Annotate your spec's acceptance criteria with inline machine-check directives (optional but recommended), then run check:

spec-verify check --spec SPEC.md --src ./build
  • Exit code 0 if every criterion passes (or is only unverifiable).
  • Exit code 1 if any criterion fails.
  • Exit code 2 on a usage/IO error.

Add --strict to also fail on UNVERIFIABLE (see below) — recommended for CI.

Options

Flag Description
-s, --spec <file> Path to the markdown spec (required)
-d, --src <dir> Path to the finished codebase (required)
--json Emit machine-readable JSON instead of the table
--report <file> Also write a full markdown report to <file>
--model <id> LLM judge model (default claude-haiku-4-5-20251001)
--smart Use the smarter judge model (claude-sonnet-4-6)
--no-run-scripts Don't execute npm scripts referenced by directives
--no-judge Skip the LLM judge; undecided criteria become UNVERIFIABLE
--strict Treat UNVERIFIABLE criteria as failures (exit 1) — recommended for CI
--require-modal Only treat bullets containing must/shall/should as criteria

Strict mode (recommended for CI)

By default UNVERIFIABLE does not fail the gate: a criterion the tool could not check (for example, a subjective one with no API key for the judge) is reported but tolerated. That is convenient locally but dangerous in CI, where a pipeline with no ANTHROPIC_API_KEY would otherwise go green simply because nothing could be judged.

Pass --strict to count every UNVERIFIABLE as a failure (exit 1). This makes CI honest: the gate only passes when every criterion was actually verified.

spec-verify check --spec SPEC.md --src ./build --strict

The LLM judge (bring your own key)

The judge uses the Anthropic SDK and reads ANTHROPIC_API_KEY from the environment: no key is ever hardcoded. If the key is absent, criteria that need the judge are reported as UNVERIFIABLE (which does not fail the gate) and a warning is printed. Default model is the cheap claude-haiku-4-5-20251001; pass --smart for claude-sonnet-4-6.

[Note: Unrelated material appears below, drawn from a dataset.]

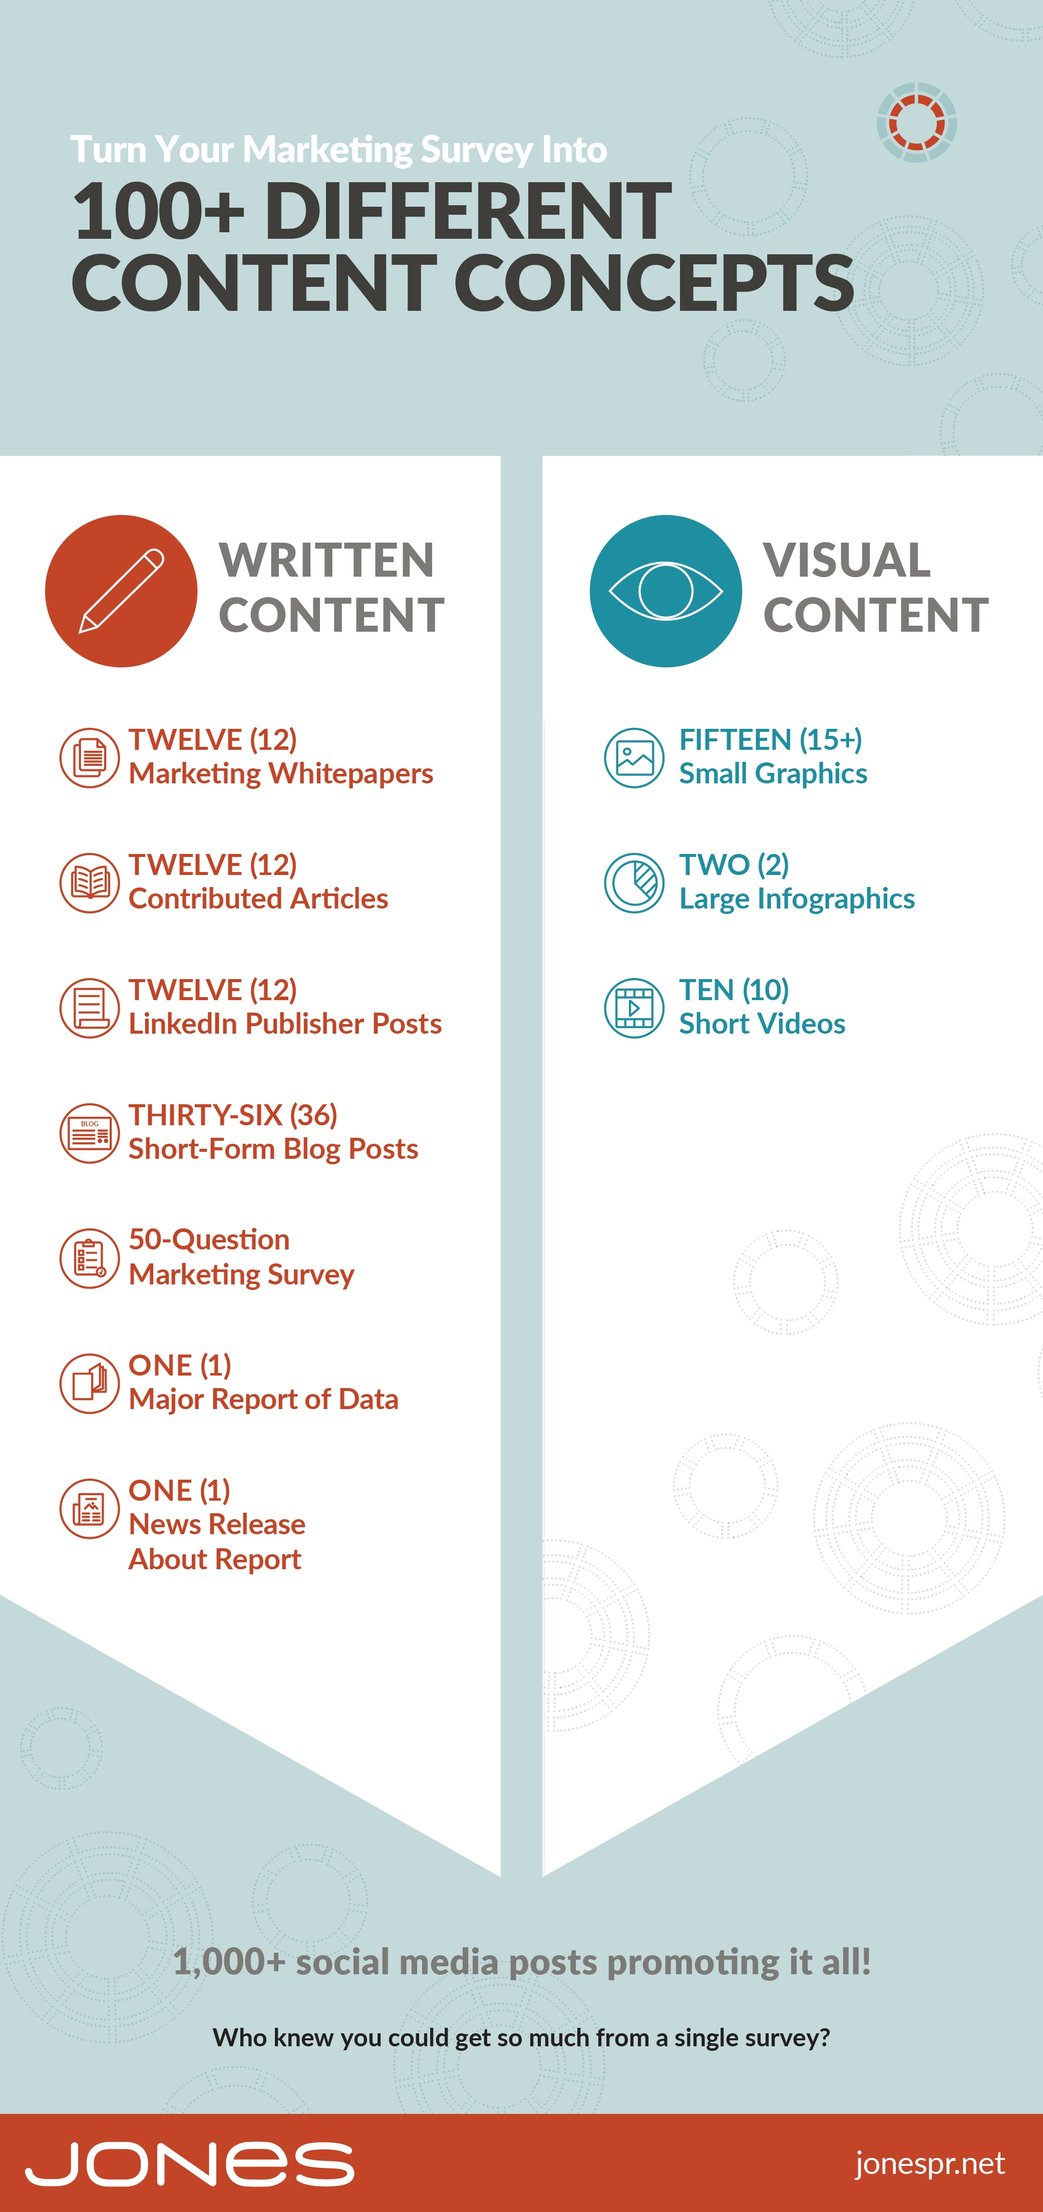 JONES-infographic-surveys-100-content-concepts-v2

export ANTHROPIC_API_KEY=sk-ant-...   # never commit this
spec-verify check --spec SPEC.md --src ./build --smart

Writing checkable criteria

Use a GitHub-style checklist under an "Acceptance Criteria" heading. Attach an inline <!-- check: ... --> directive to make a criterion deterministically verifiable:

## Acceptance Criteria

- [ ] A README documents how to run the service <!-- check: file-exists path="README.md" -->
- [ ] The service exposes a health endpoint at /health <!-- check: route-exists path="/health" -->
- [ ] A `createWidget` function is exported <!-- check: export-exists name="createWidget" -->
- [ ] The codebase references "widget" <!-- check: grep pattern="widget" flags="i" -->
- [ ] The test suite passes <!-- check: npm-script name="test" -->
- [ ] The UI feels polished and on-brand   <!-- no directive → judged by the LLM -->

Criteria without a directive are still parsed; they get best-effort keyword evidence and are handed to the LLM judge.

Supported directives

Directive Args Determines verdict by
file-exists path or glob A matching file exists
grep pattern, glob?, flags?, min? The regex matches ≥ min times total across files (default 1)
export-exists name, glob? A JS/TS module exports the named symbol
route-exists path, method?, glob? A route declaration references the path
npm-script name, timeoutMs? npm run <name> exits 0 (the suite actually runs)

Aliases: file/contains/script/test/export/route map to the above.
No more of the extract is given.